"Novo olhar americano", por Rubens Barbosa
- Era da Doutrina Monroe acabou
O presidente James Monroe, nos idos de 1823, anunciou que os EUA iriam proteger os países sul-americanos de ameaças de colonização vindas de países europeus: “A América para os americanos.”
Posteriormente, em 1904, Theodore Roosevelt ampliou essa política para incluir a defesa de direitos de empresas americanas na América Latina. Essas ações ficaram conhecidas como a Doutrina Monroe e seu corolário.
Em nome da doutrina, instalou-se um verdadeiro protetorado dos EUA sobre o hemisfério. A partir dessa política, os EUA, na medida em que seu poder aumentava, assumiram o papel de polícia da região e posteriormente do mundo. Novos ventos soprando no mundo, no entanto, fizeram com que a sociedade americana passasse a rejeitar a ação externa de polícia exercida até os nossos dias, e como ainda vemos no Iraque e no Afeganistão.
Como desdobramento desse sentimento isolacionista, em recente pronunciamento feito na sede da OEA, John Kerry, atual secretário de Estado, afirmou que a era da Doutrina Monroe tinha chegado ao fim. As transformações políticas, econômicas e sociais ocorridas nas Américas do Sul e Central, combinadas com a inexistência de uma política externa dos EUA para a região, explicam o fim da Doutrina Monroe. Por isso, ninguém notou o fato (nem nos EUA nem no Hemisfério ) e seu desaparecimento em nada afeta a região.

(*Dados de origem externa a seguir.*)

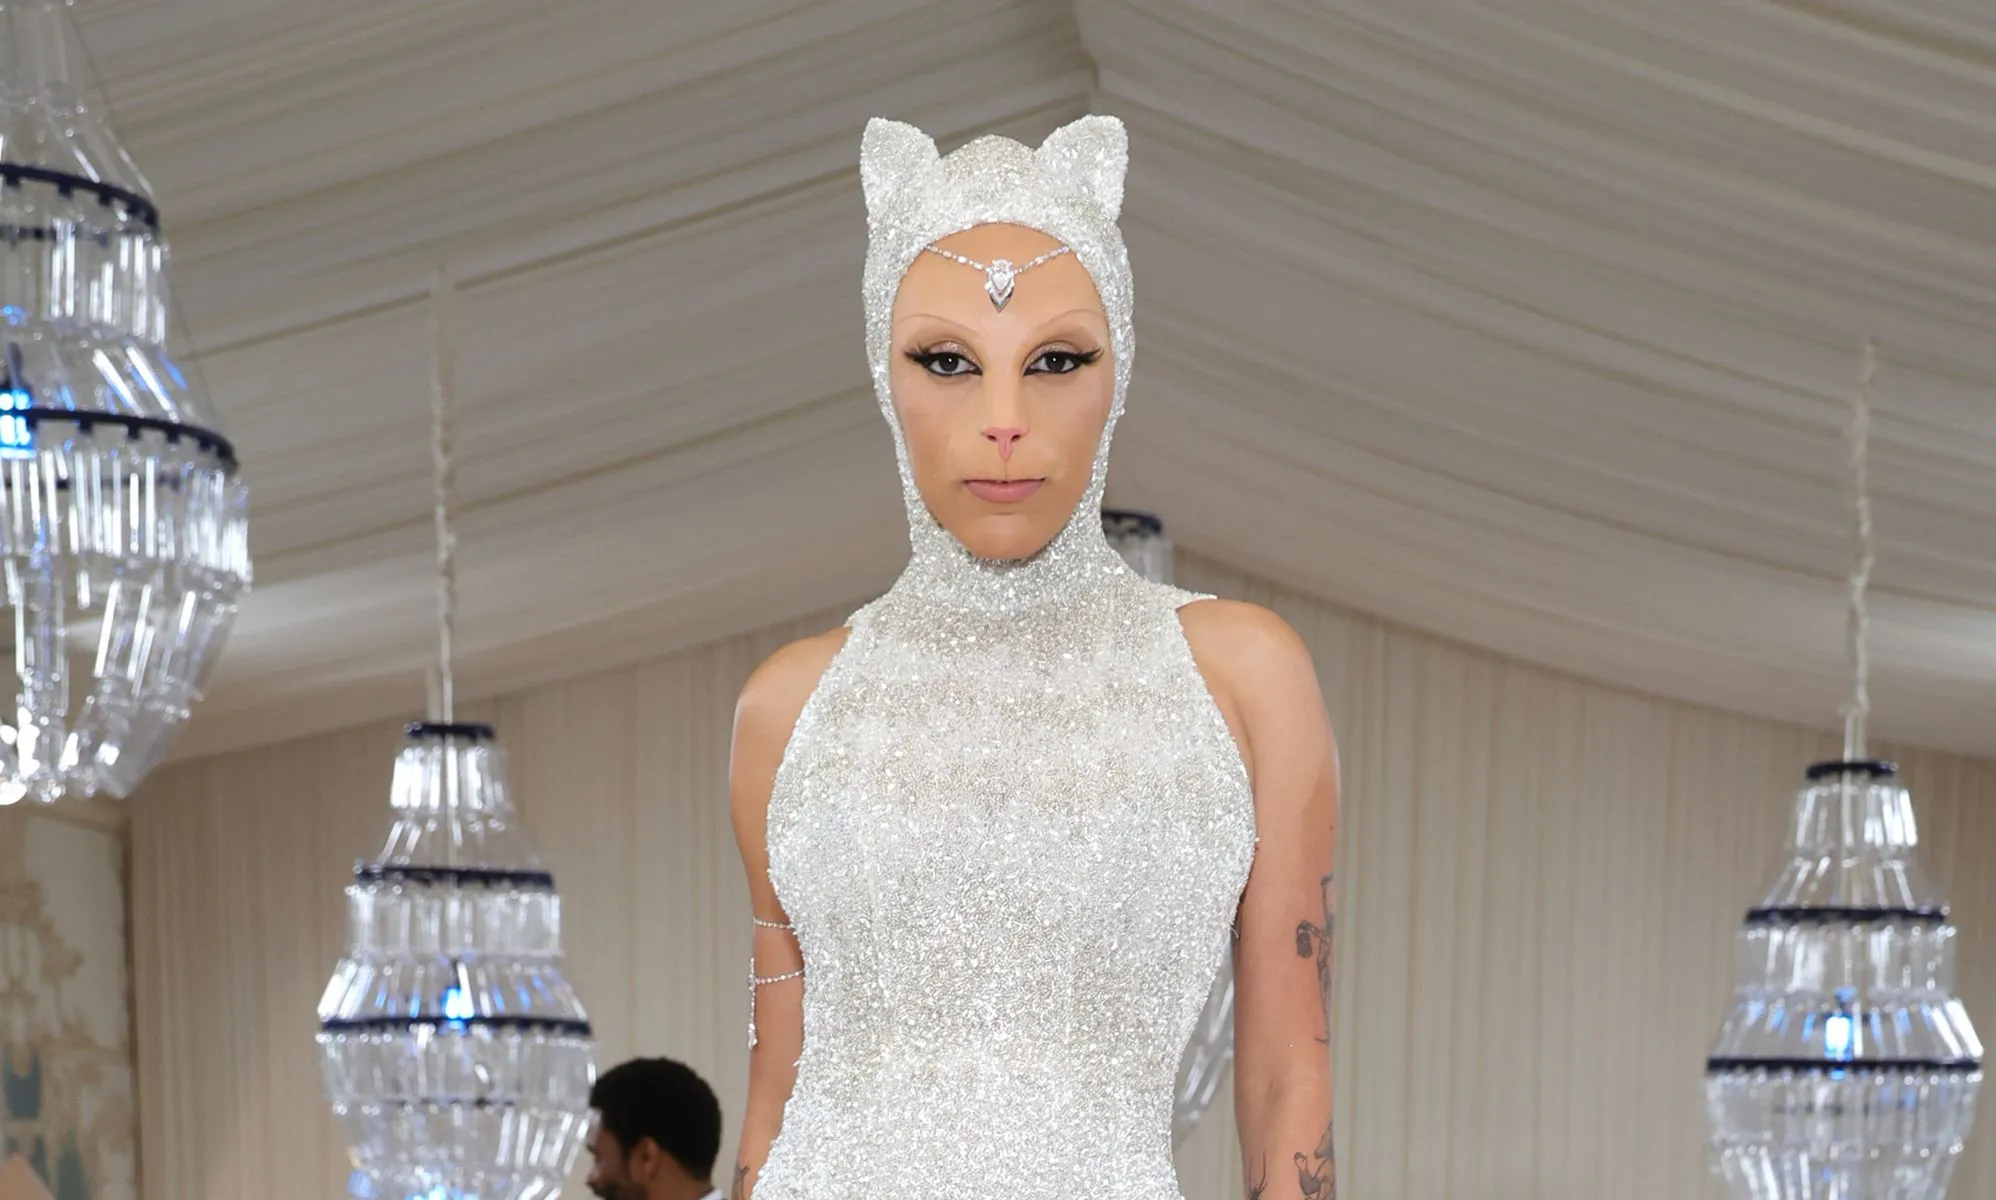 Who dressed up as a cat at the 2023 Met Gala awards? What did she say

Mesmo sem ter relevância política, o anúncio deveria servir como primeiro passo para uma revisão de fundo da política externa de Washington para a região. Poderiam ser mencionadas, dentre outras atitudes passíveis de reavaliação, as relações com Cuba, com o Brasil e o fim do conceito de Hemisfério Ocidental e de América Latina.

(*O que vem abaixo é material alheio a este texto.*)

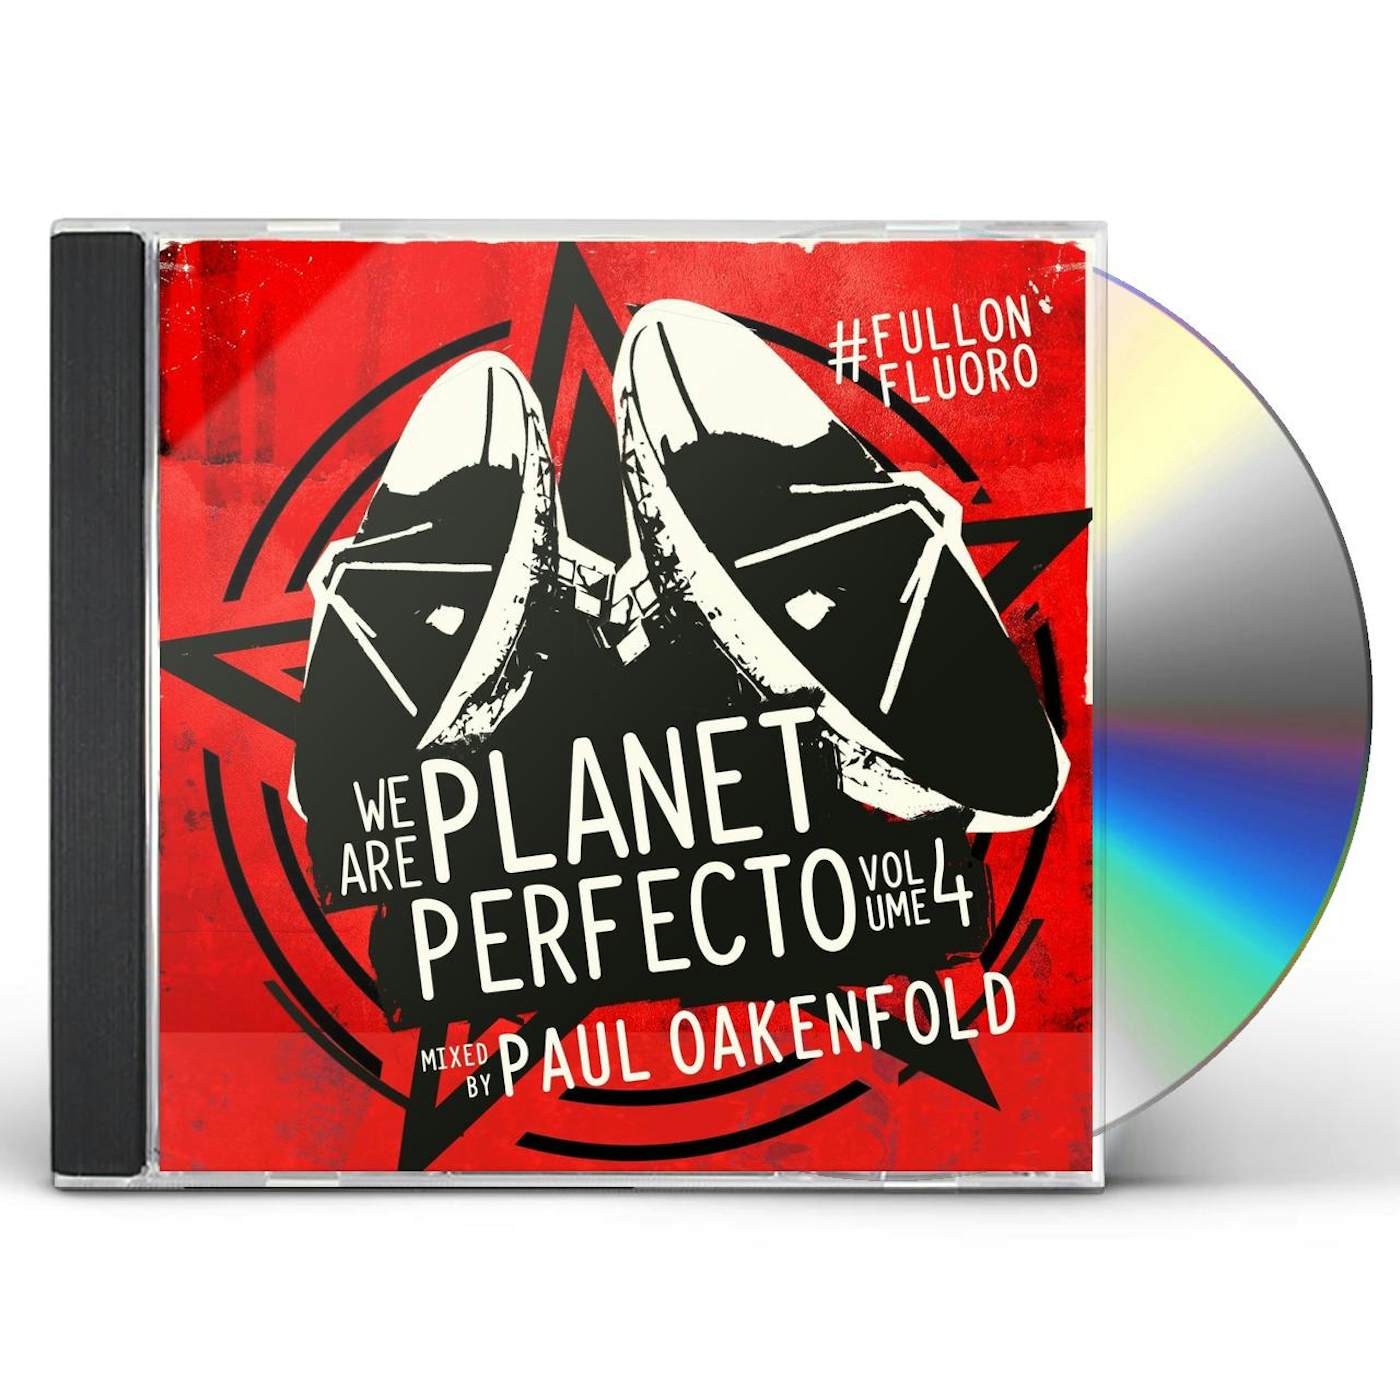 Paul Oakenfold WE ARE PLANET PERFECTO 4 CD

Desde os anos 60, a política externa dos EUA, refém da minoria cubana, sobretudo na Flórida, não consegue terminar com o embargo comercial contra Cuba, nem devolver a ela a base de Guantánamo. Se os EUA iniciaram o processo de revisão da política de sanções contra o Irã, não há mais razão para manter o embargo econômico, apesar da declinante expressão política atual dos cubanos em Miami.
Quanto ao Brasil, as relações nunca estiveram em um nível político-diplomático tão baixo e desgastado. No contexto dessa revisão de política, os EUA têm de fazer um gesto em relação ao Brasil para superar essas dificuldades. Diferenciar o Brasil, colocando-o no mesmo nível de parceiros como a Turquia, a Índia e a Coreia, poderia ser uma saída honrosa para todos.
Finalmente, no Departamento de Estado impõe-se uma mudança estrutural no tratamento dos países do continente. Os conceitos de Hemisfério Ocidental e de América Latina não mais fazem sentido nem econômico nem político. O que existe são a América do Norte, a Central e a do Sul.
Os EUA, que há quase 200 anos decidiram unilateralmente estabelecer a Doutrina Monroe, agora a eliminam, sempre segundo seus interesses. Cabe igualmente aos países latino-americanos definir suas relações com a única superpotência global, de acordo com seus próprios interesses políticos e econômico-comerciais.